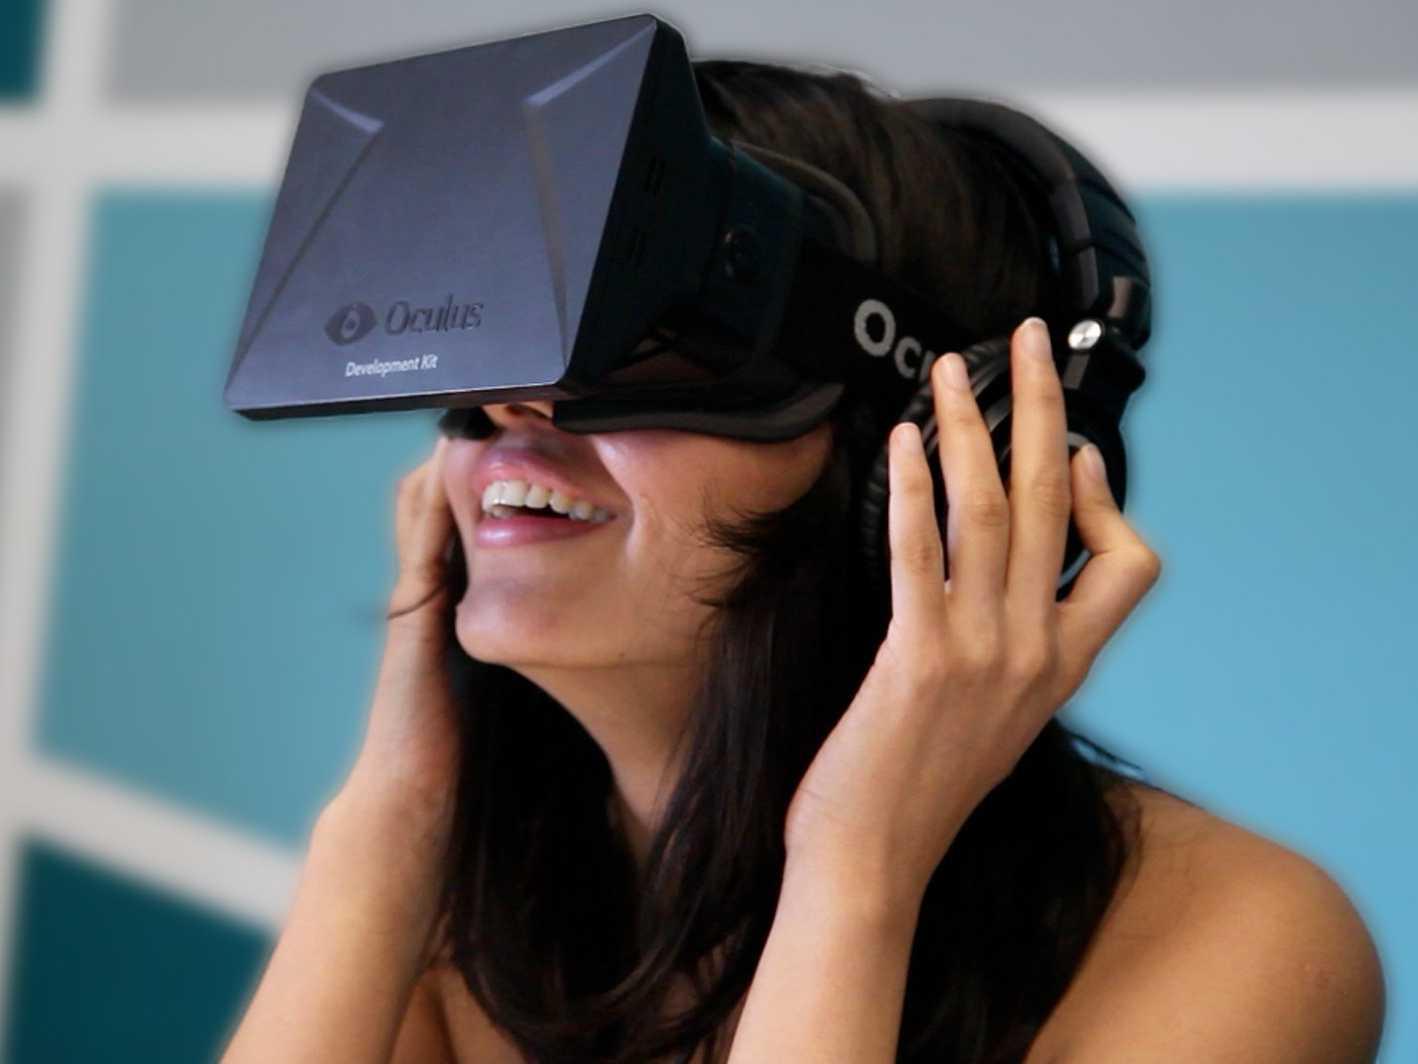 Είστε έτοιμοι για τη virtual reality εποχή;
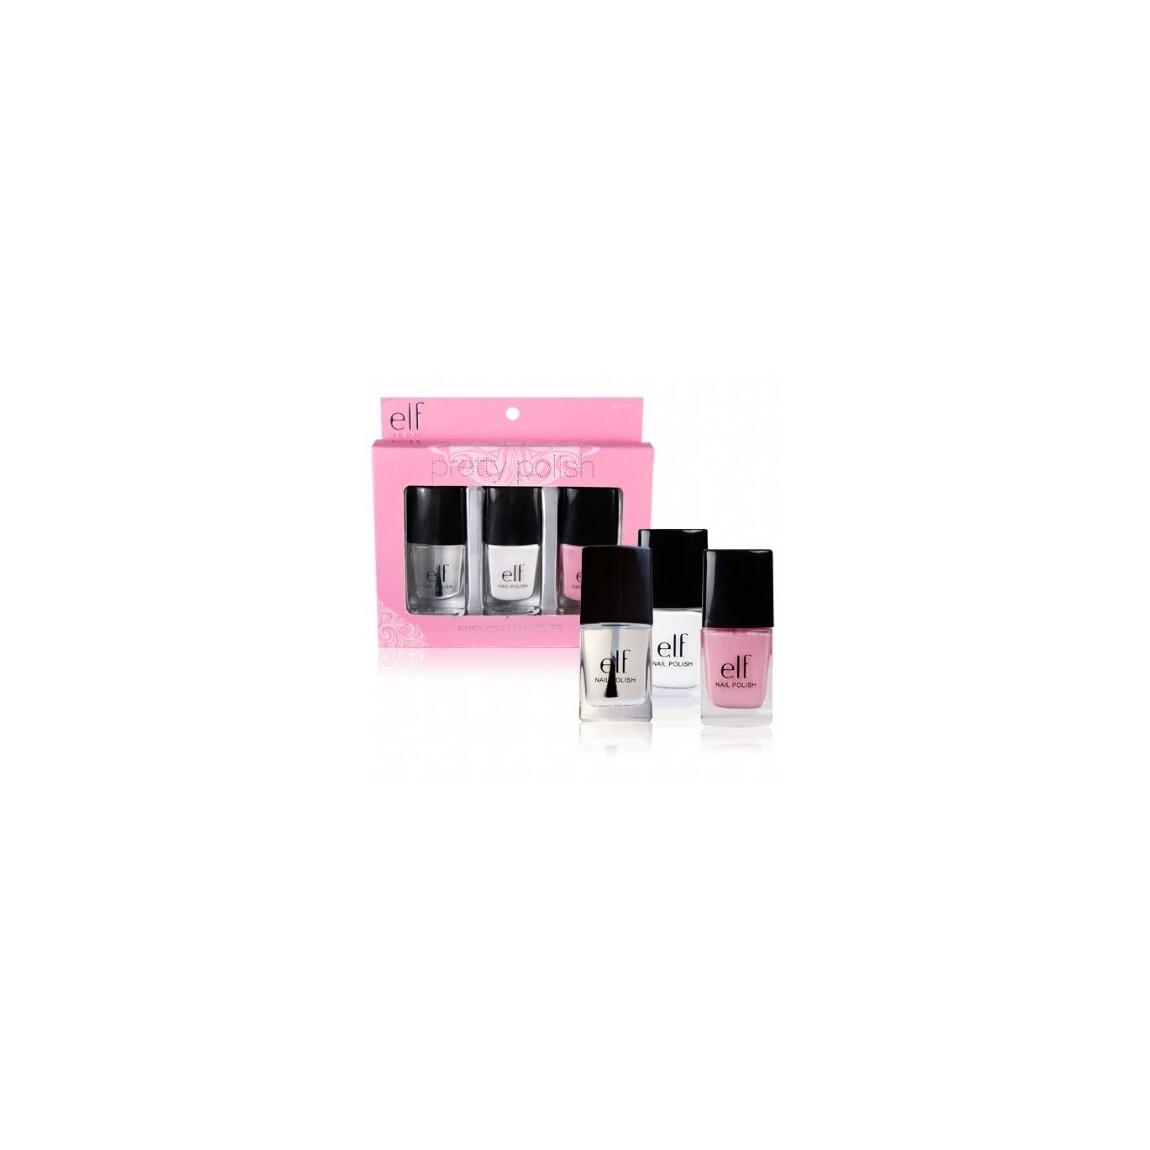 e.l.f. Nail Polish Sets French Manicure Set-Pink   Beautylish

* * *

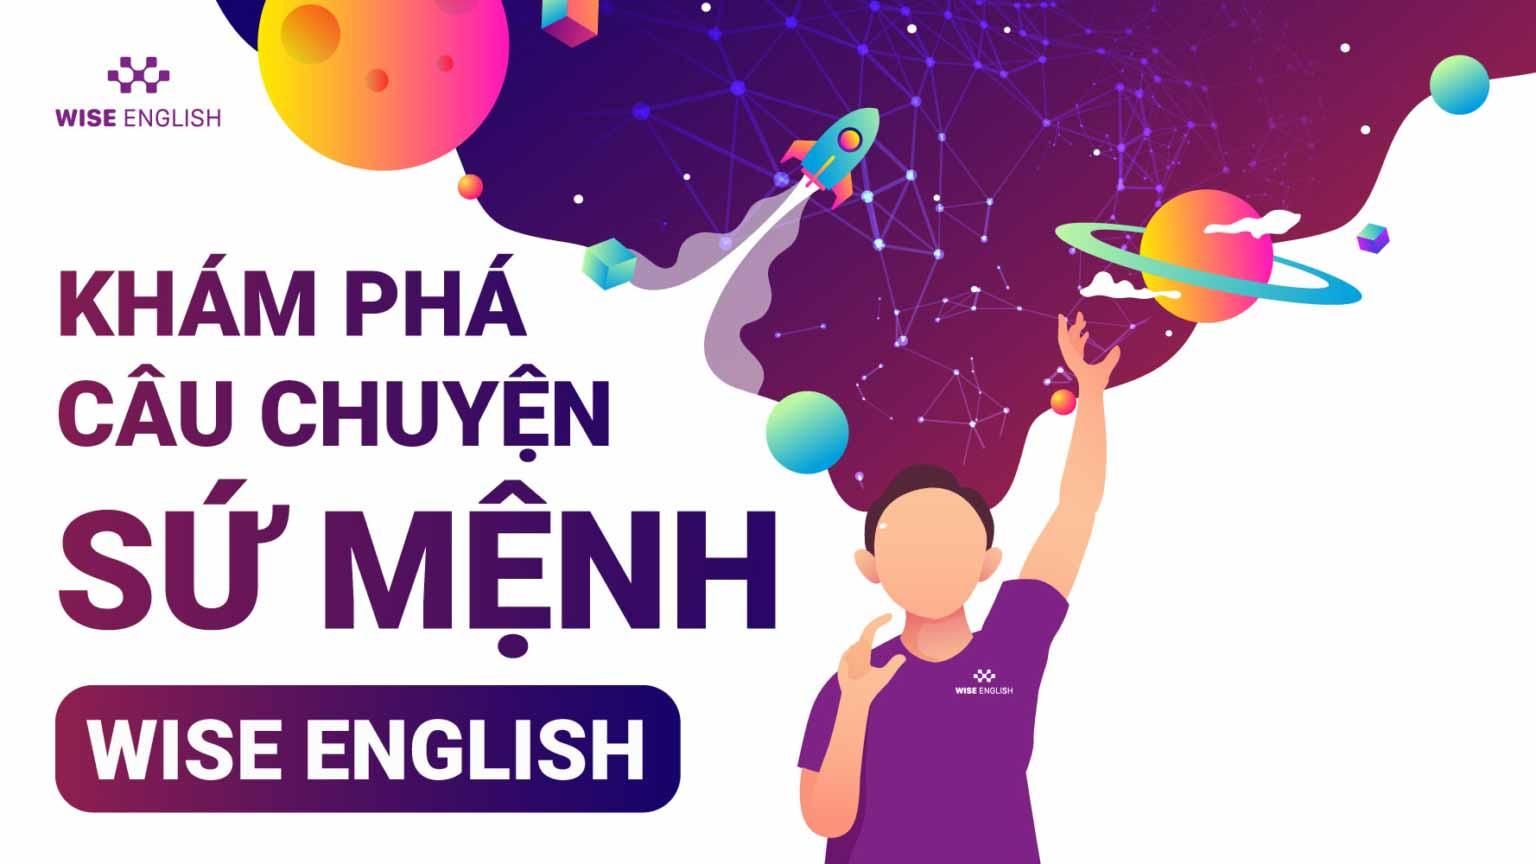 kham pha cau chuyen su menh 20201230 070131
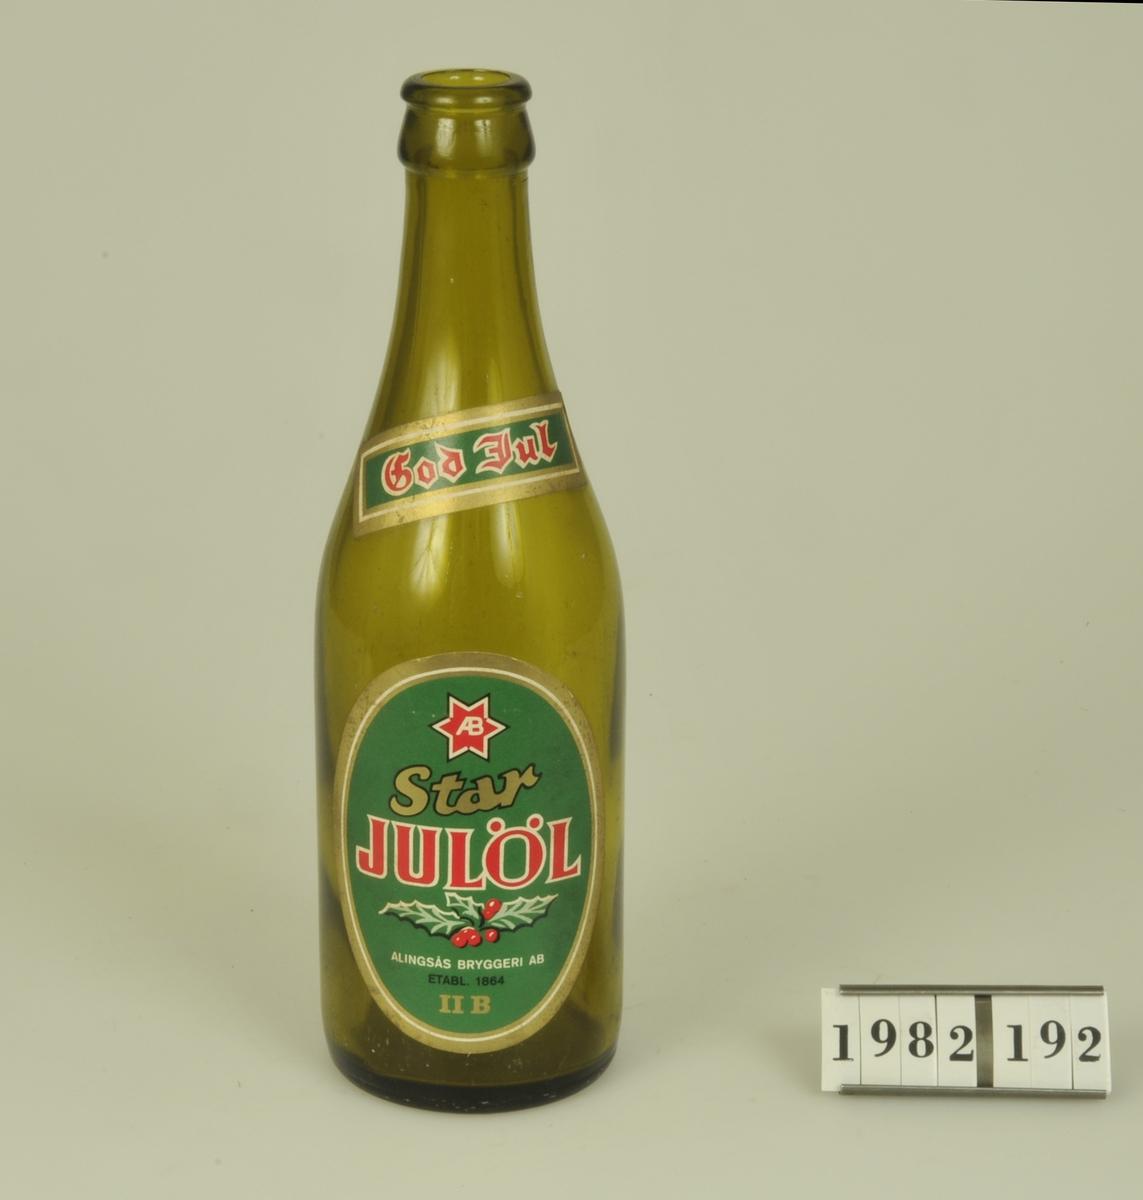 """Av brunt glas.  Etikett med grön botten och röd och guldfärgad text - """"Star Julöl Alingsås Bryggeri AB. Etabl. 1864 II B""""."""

--

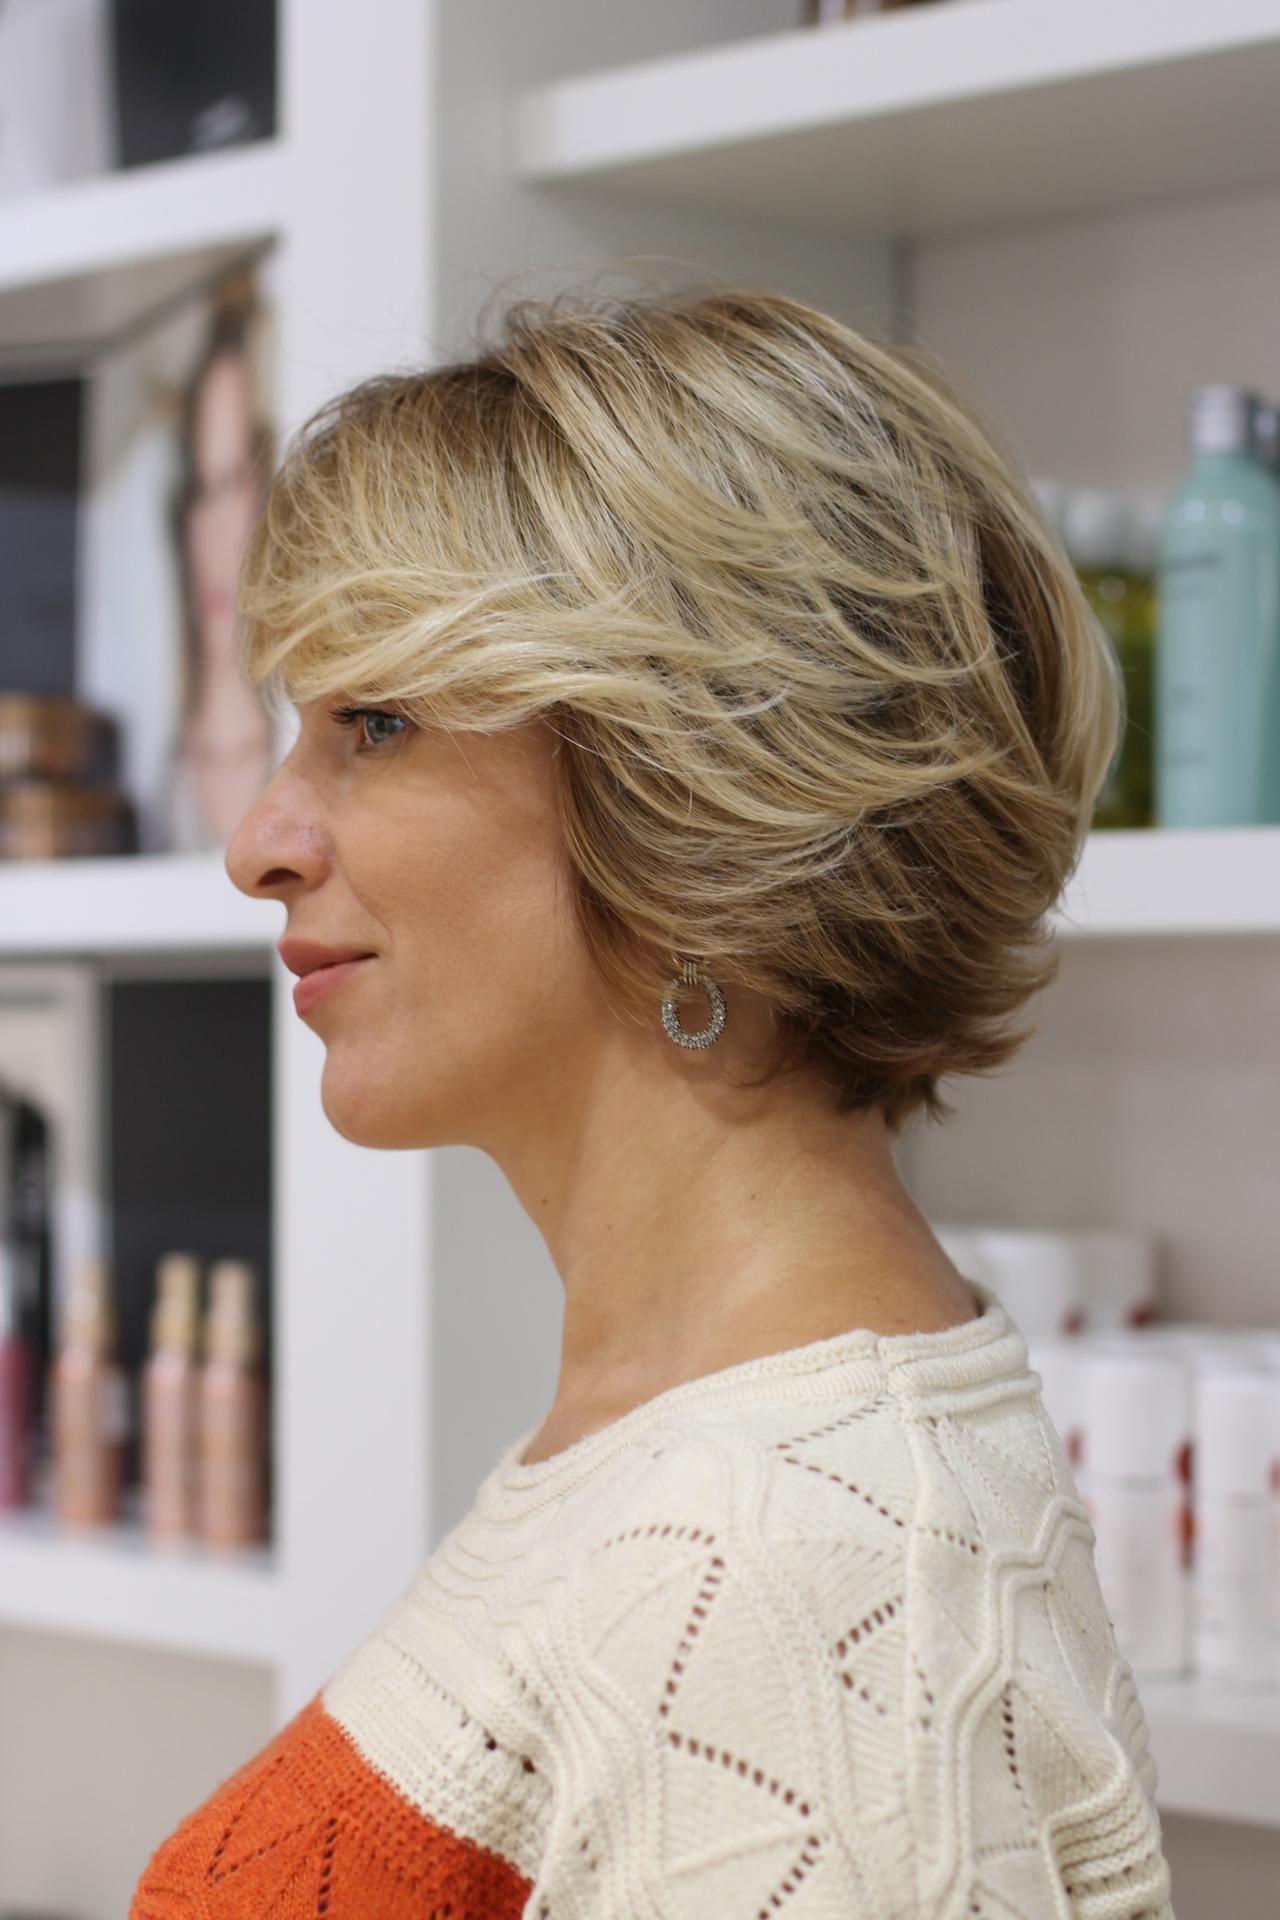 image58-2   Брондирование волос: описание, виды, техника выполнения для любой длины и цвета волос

• **WHAT IS BEING ASKED**: All lines above starting at the one with "Είστε έτοιμοι για τη virtual reality εποχή;" and ending at the one with "e.l.f. Nail Polish", inclusive, are to be printed again exactly, with the pictures left out.

• **EXERCISE OUTPUT**:
 Είστε έτοιμοι για τη virtual reality εποχή;
 e.l.f. Nail Polish Sets French Manicure Set-Pink   Beautylish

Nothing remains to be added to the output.